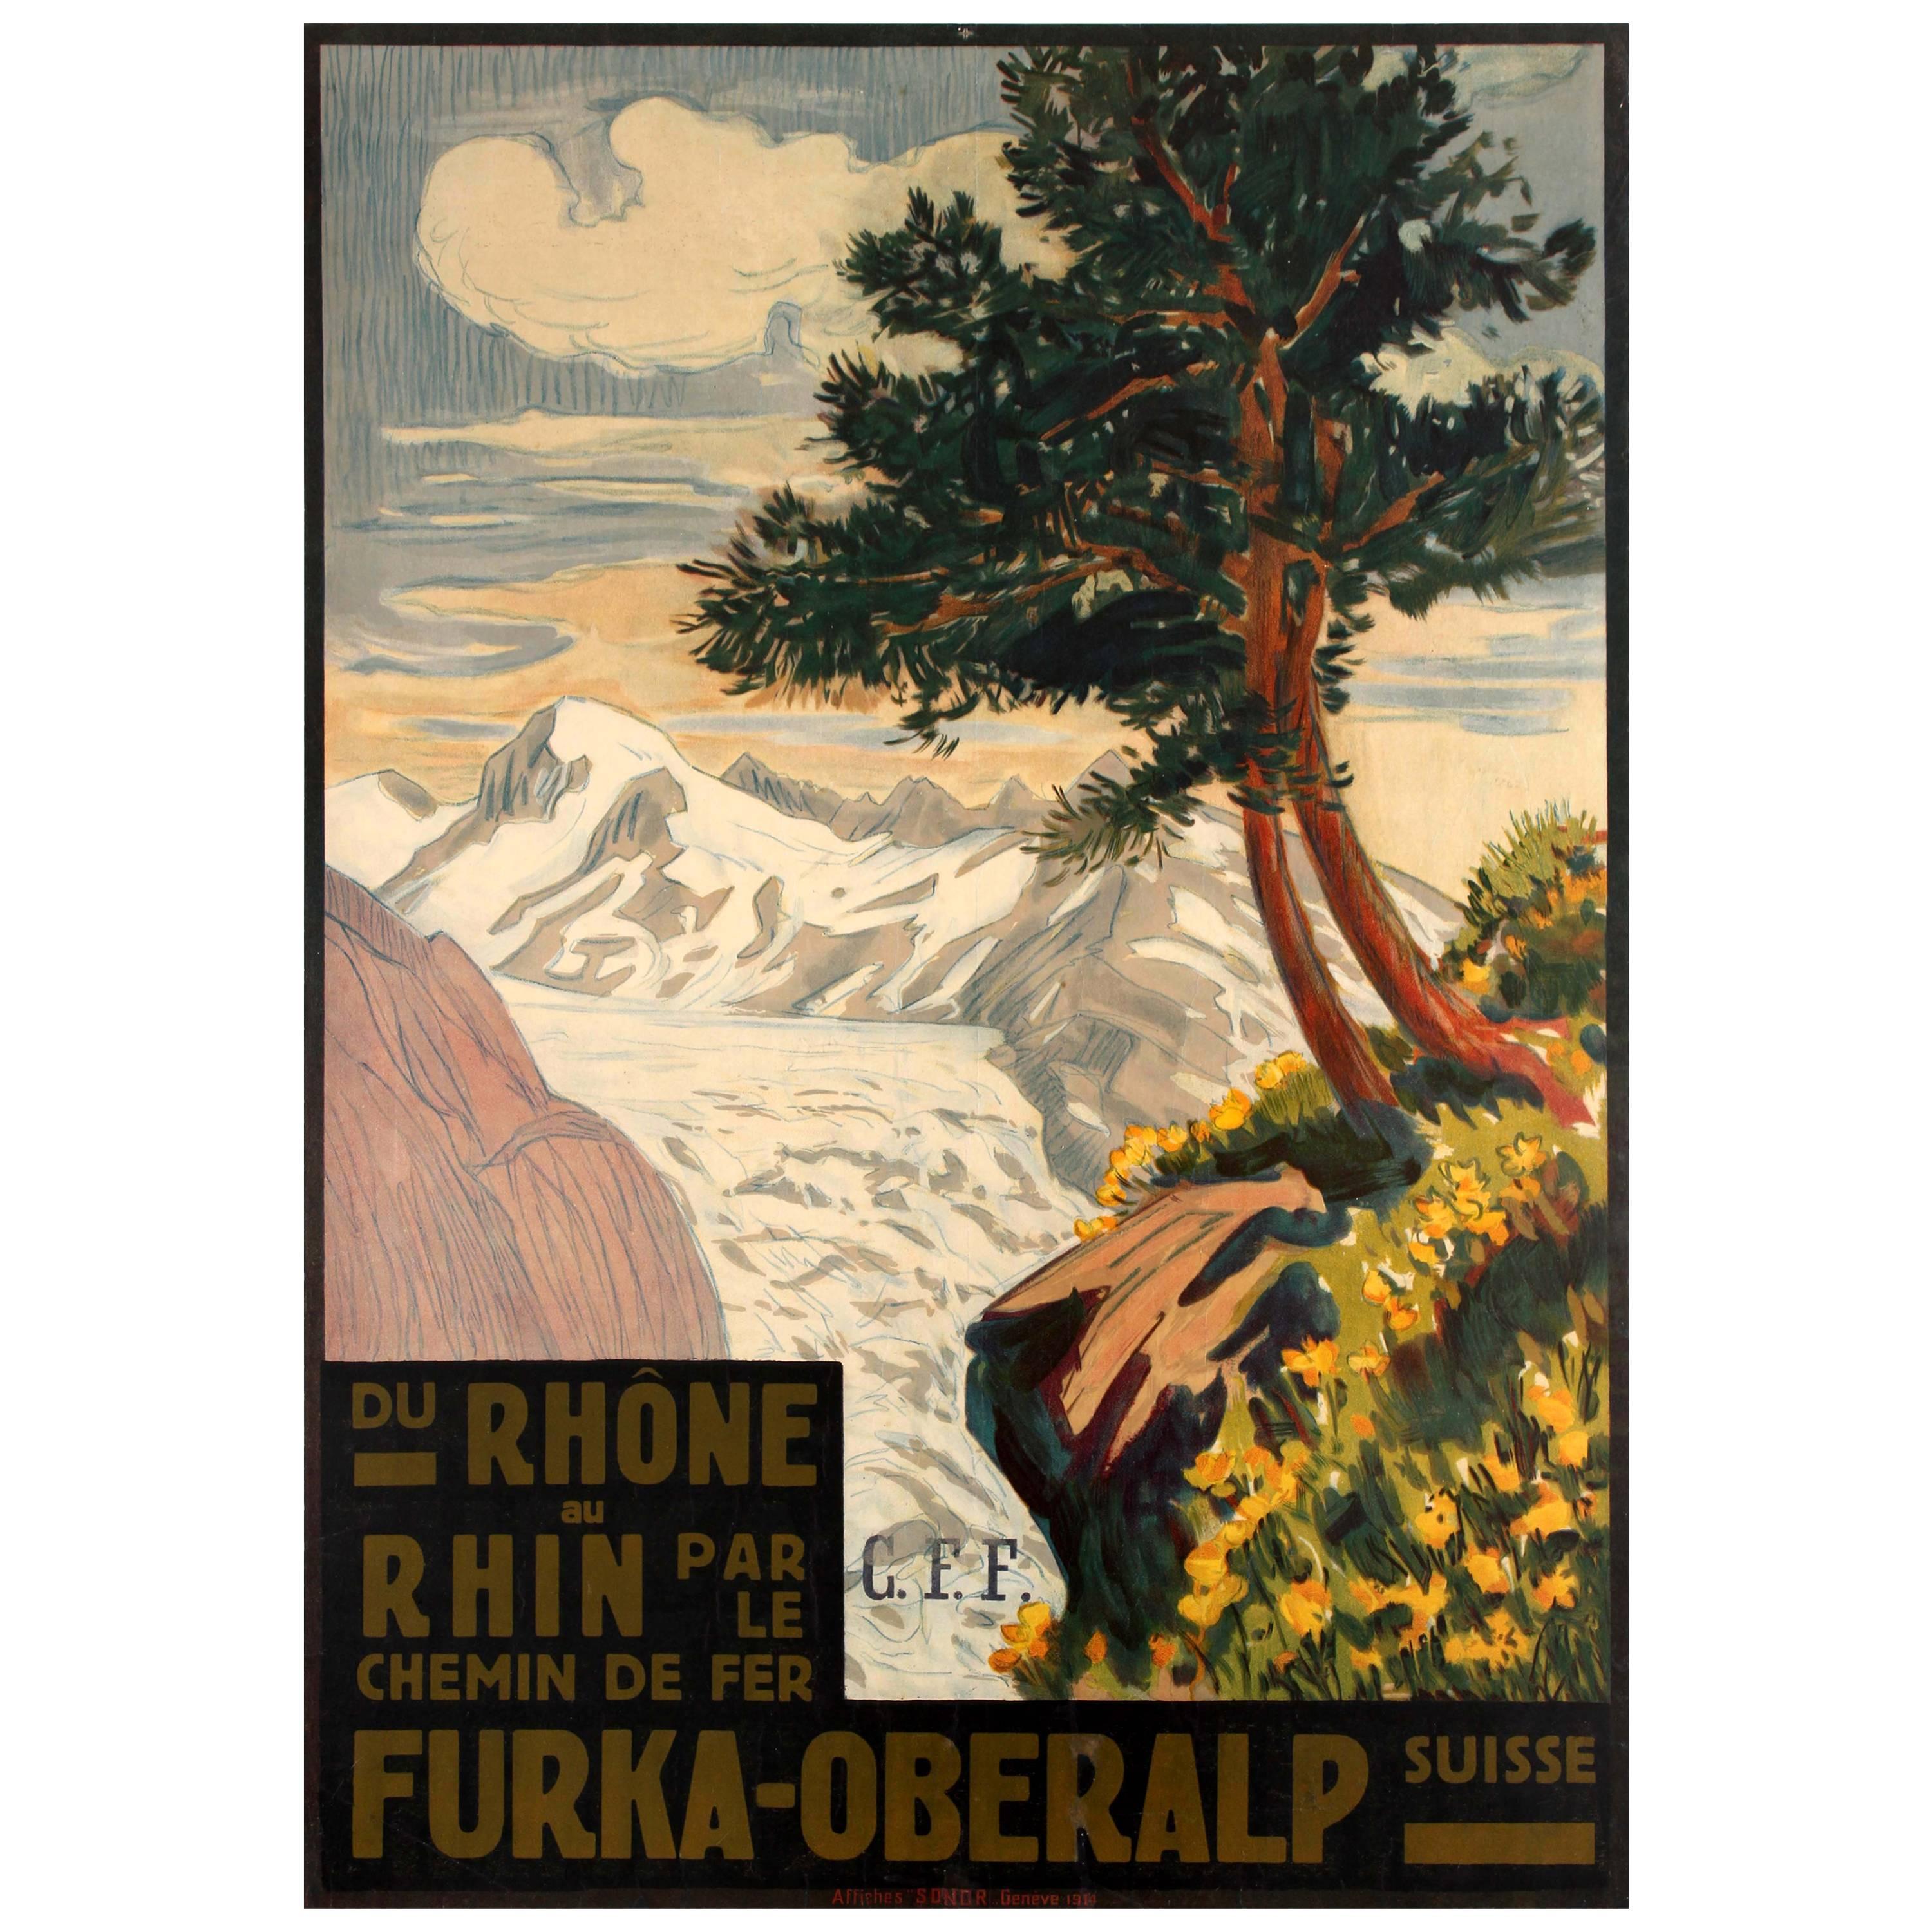 Original Antique Furka Oberalp Railway Poster - From The Rhone To Rhine By Train
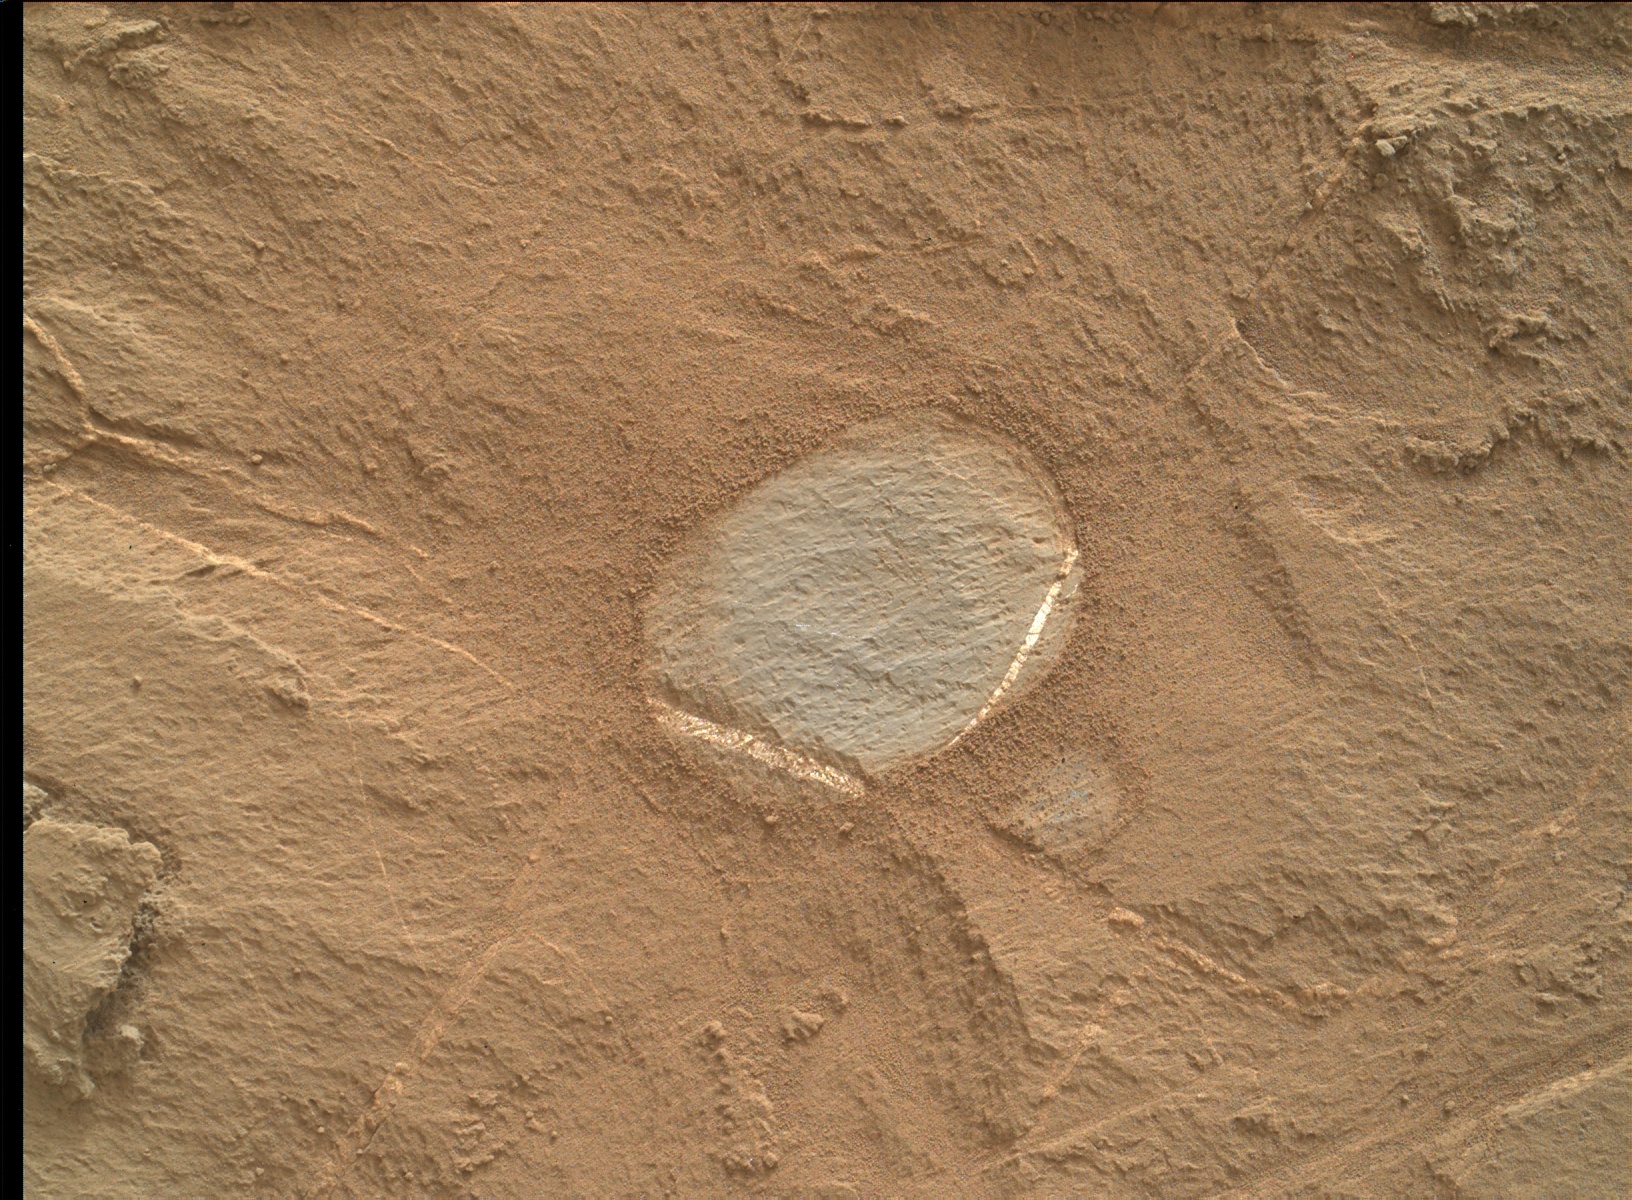 Nasa's Mars rover Curiosity acquired this image using its Mars Hand Lens Imager (MAHLI) on Sol 1358
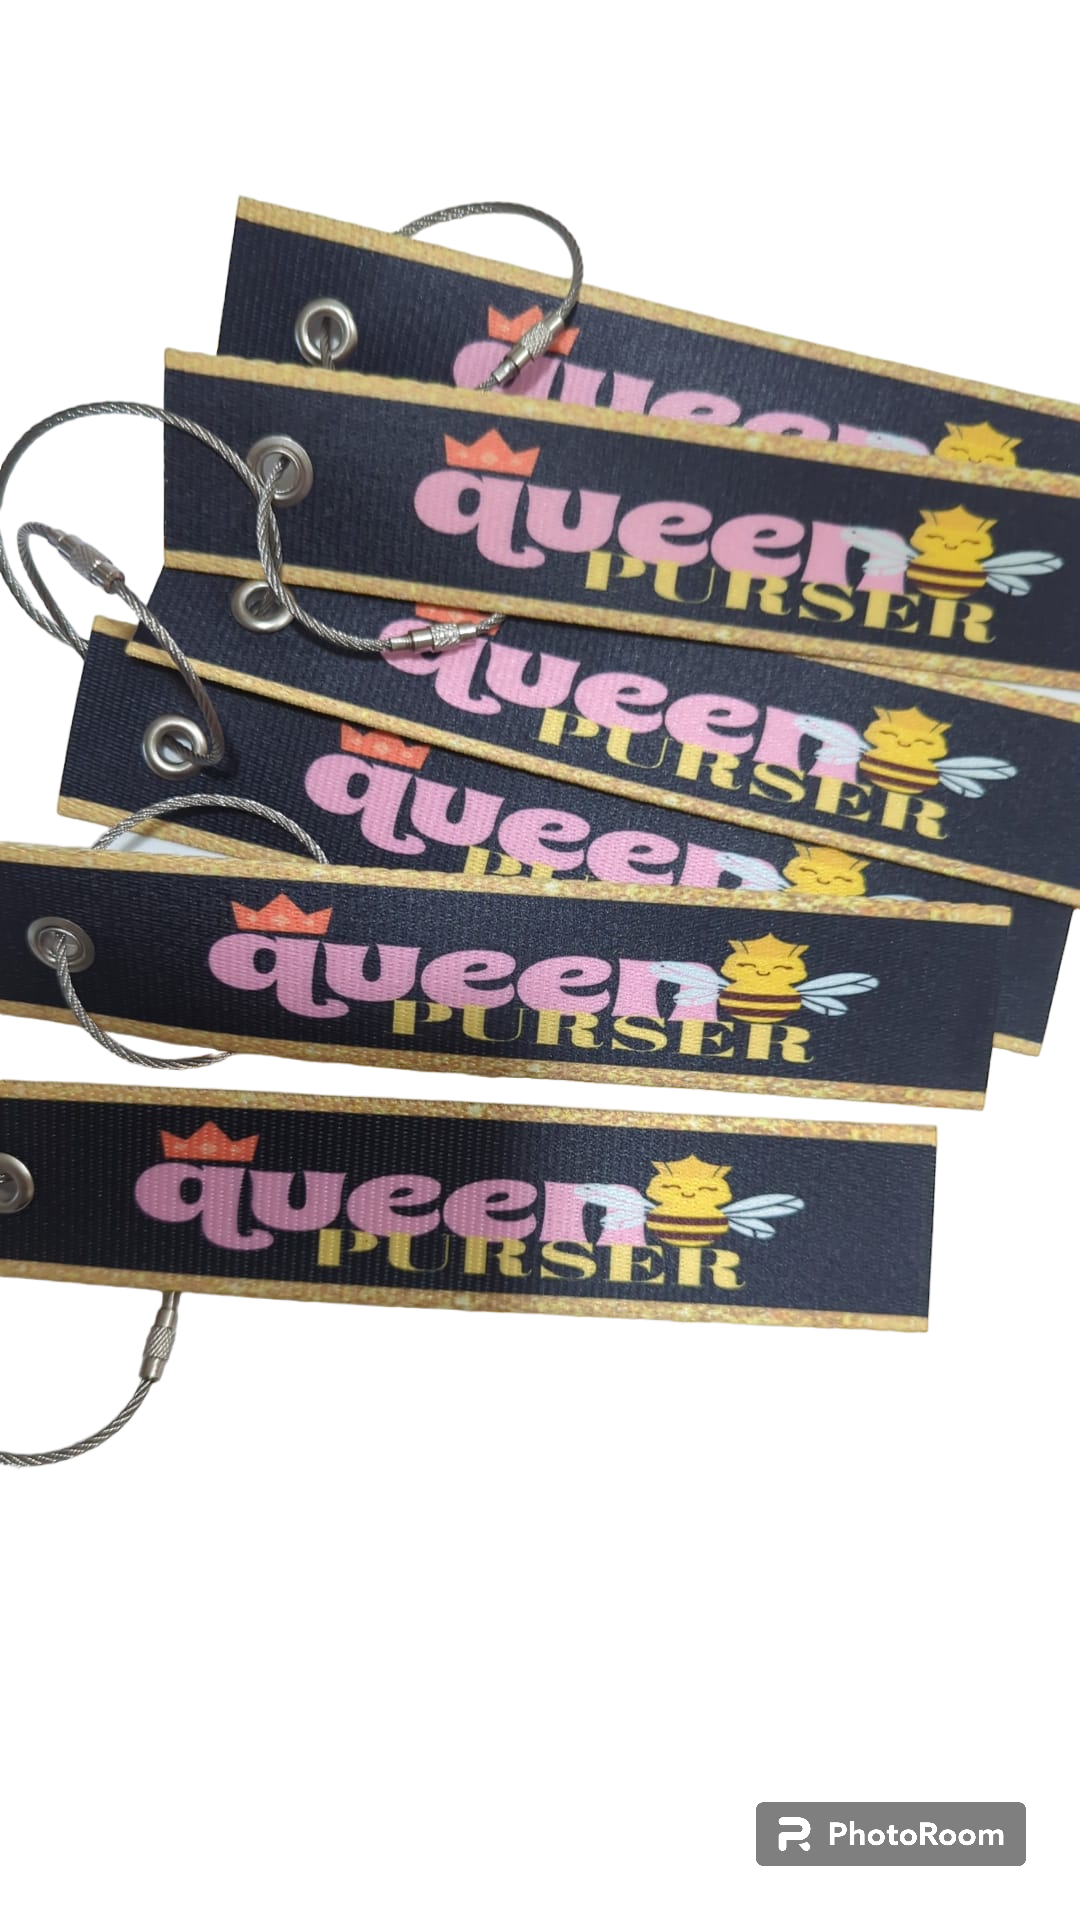 Queen B Purser(Long)  Luggage Tag. IT CAN BE CUSTOMIZED

==*==

- Instructions for the task: Leaving the pictures aside, transcribe only the lines from the one containing "Nasa's Mars rover" to the final line of the listing above, inclusive, exactly as they appear.

- Answer to the exercise:
 Nasa's Mars rover Curiosity acquired this image using its Mars Hand Lens Imager (MAHLI) on Sol 1358
 Queen B Purser(Long)  Luggage Tag. IT CAN BE CUSTOMIZED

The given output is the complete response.